Resources used by the learner
Queries and oracles
An oracle provides examples according to D. A teacher answers membership and equivalence queries.
Example oracle \(EX_D(c)\). \ Membership query (mq): mq(x) yields c(x). Equivalence query (eq): eq(h) yields counterexample. MQ(c), EQ(c) oracles.
\(EX_U(c)\) can be simulated using MQ(c). In PAC setting, EQ(c) can be simulated by the EX oracle.
Probabilistic oracle
PEX(f) for fn \(f:\set{0, 1}^n \to [-1, 1]\): produces (x, b) where \(x \distr U\), b is \(\pm 1\) binary RV with mean f(x). For boolean f, this is UPAC oracle EX(f, U). Models random noise under U: PEX(tf) is an oracle for f(x) with random noise of rate \(1/2-t/2\): simply see how to make binary RV b with mean tE[f].

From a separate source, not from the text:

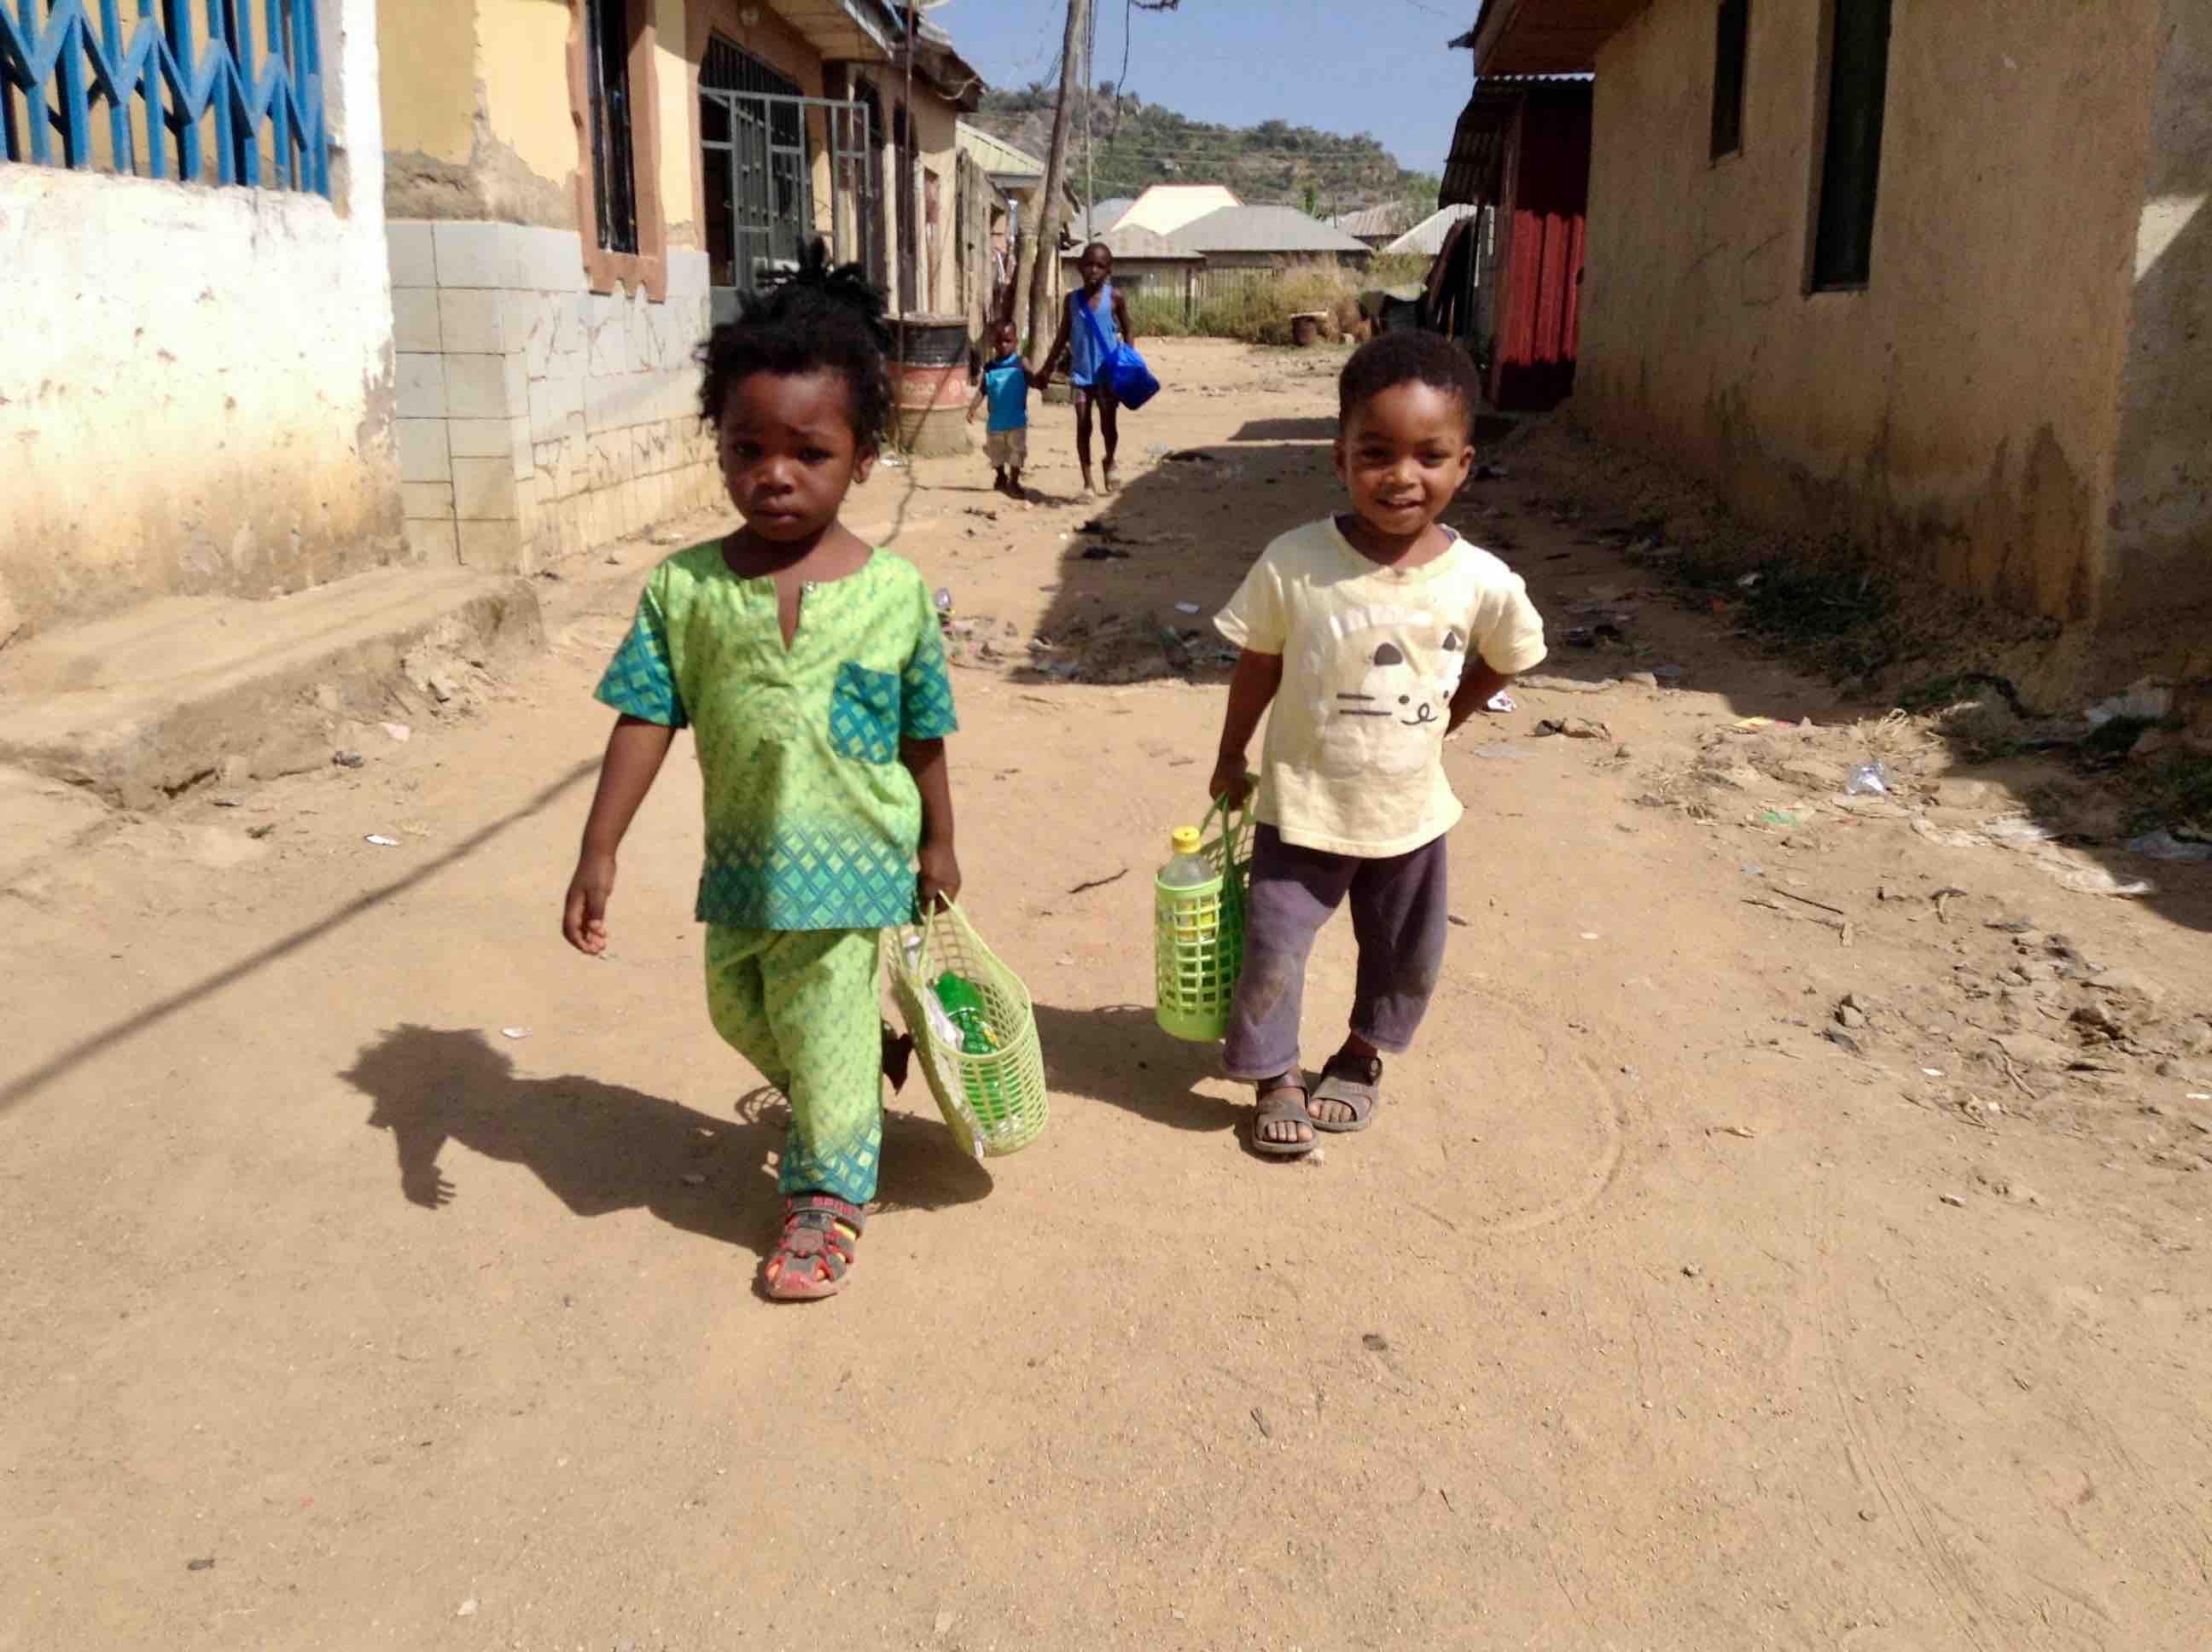 Two young boys, Ushafa Village, Abuja, Nigeria. #JujuFilms

Statistical dist: \(D(PEX(f), PEX(g)) = E_x[|f(x)-g(x)|] \leq \norm{f-g}\). So, upon querying, an algorithm notices difference between PEX(f) and PEX(g) with prob \(\leq \norm{f-g}\). (See probability ref.)
Non adaptive mq (namq)
Points on which mq’s are made do not depend on concept being learnt. So, many concepts can be learnt from same set of query points: like the brain. Also, easier parallizability.
Relative power of various queries
As they solve iterated products problem, polynomial sized circuits are not learnable using random examples. By modifying the circuits to encode the ckt at certain fixed points, ye get a class learnable with namq but not with random examples alone. By placing the encoding at varying locations, but encoding the location of the encodings at certain fixed points, ye get a class learnable with mq, but not with namq.
Attribute efficient (ae) learning
r: Number of relevant attributes. \ Alg is poly time, calls to oracle is \(p(r, |c|)h(n), h(n) = o(n)\).
Strong ae learning: \(h(n) = O((\log n)^{k})\). Or, calls to oracle polynomial in \(|c|\), not in n.